◆ **Data below**

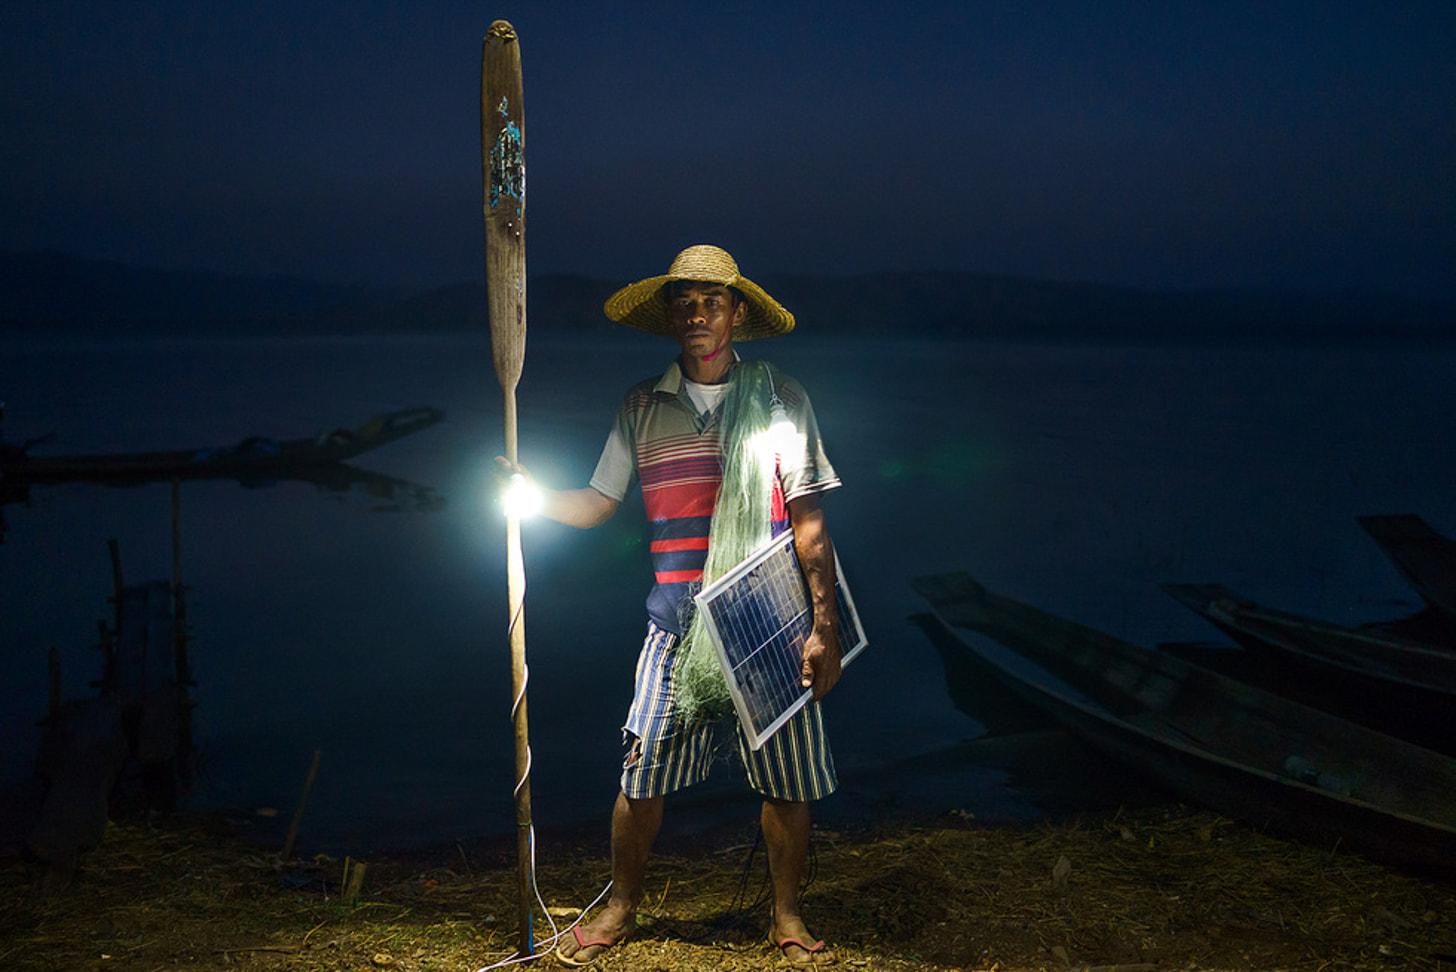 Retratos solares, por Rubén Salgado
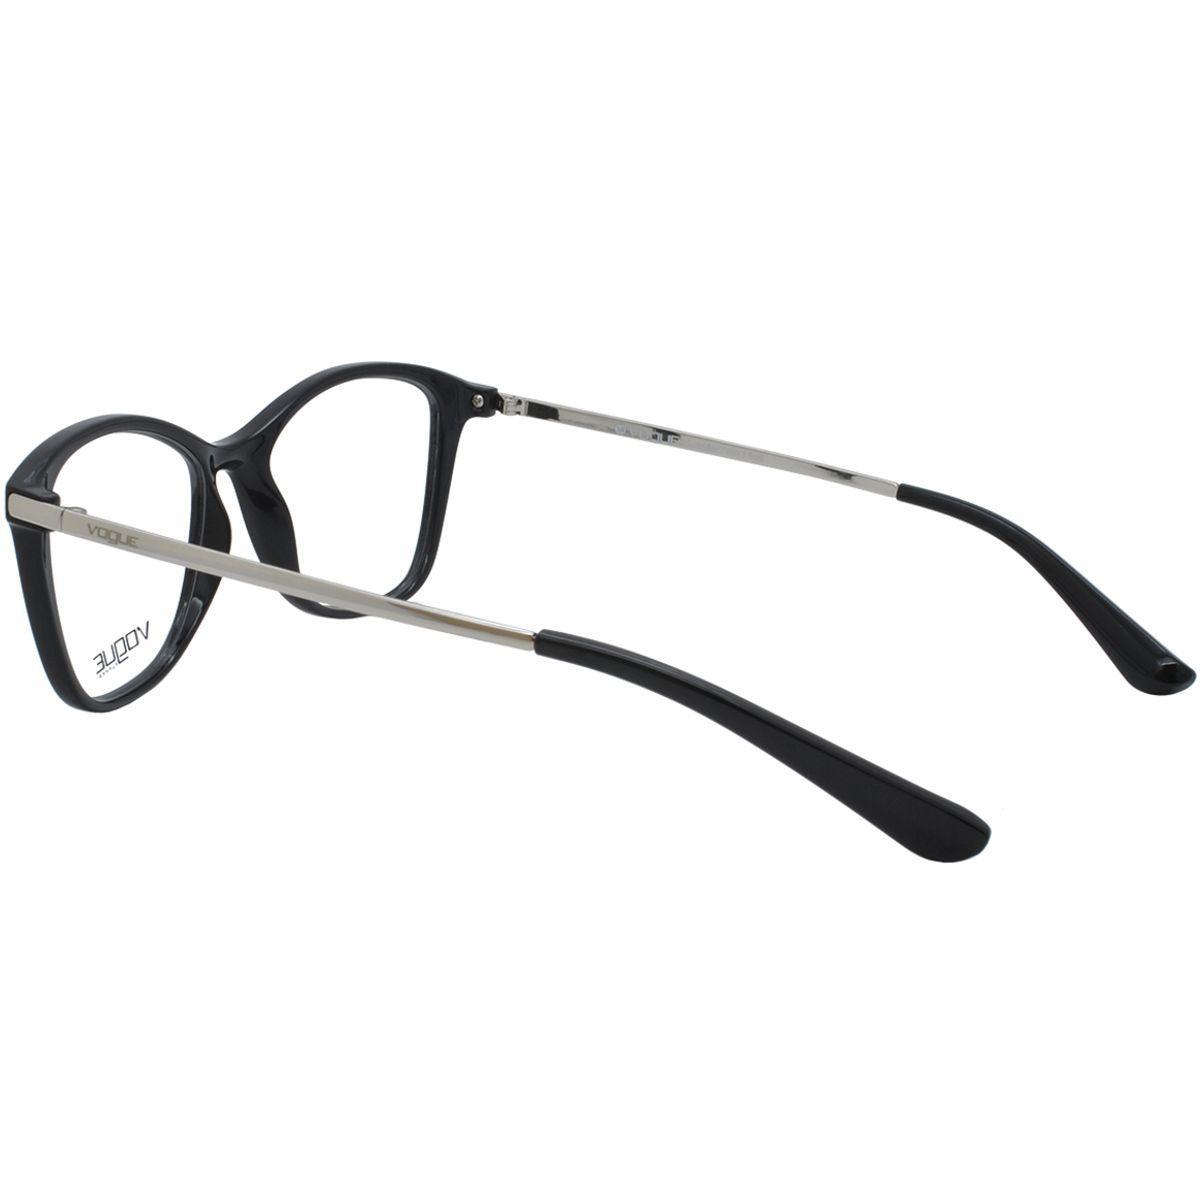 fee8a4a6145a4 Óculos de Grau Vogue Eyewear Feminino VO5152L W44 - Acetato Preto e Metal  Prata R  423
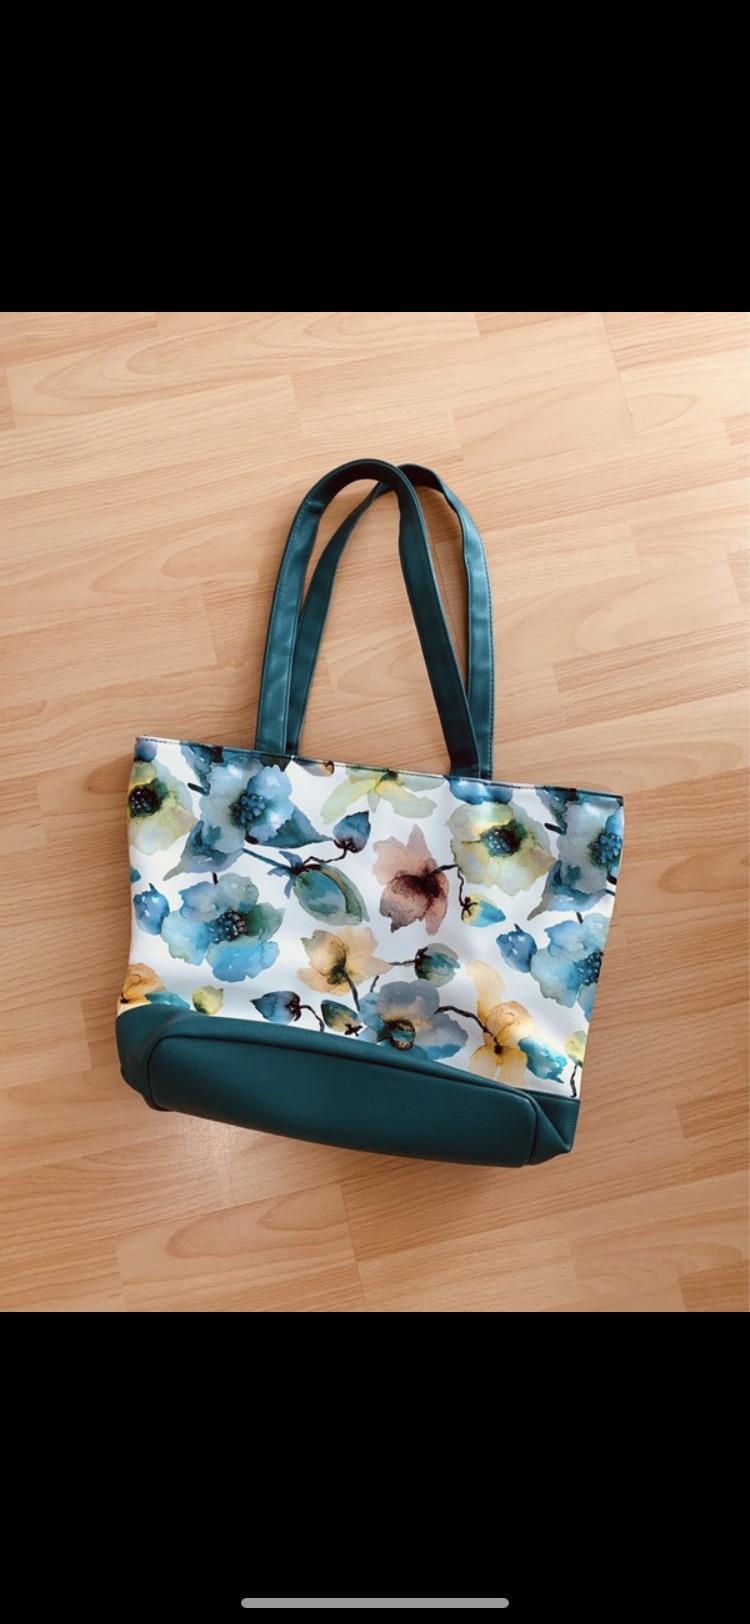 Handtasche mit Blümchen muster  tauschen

◆ **Work task**
Everything in the listing above must be restated word for word, except the images.

◆ **Result of this task**
 Retratos solares, por Rubén Salgado
 fee8a4a6145a4 Óculos de Grau Vogue Eyewear Feminino VO5152L W44 - Acetato Preto e Metal  Prata R  423
 Handtasche mit Blümchen muster  tauschen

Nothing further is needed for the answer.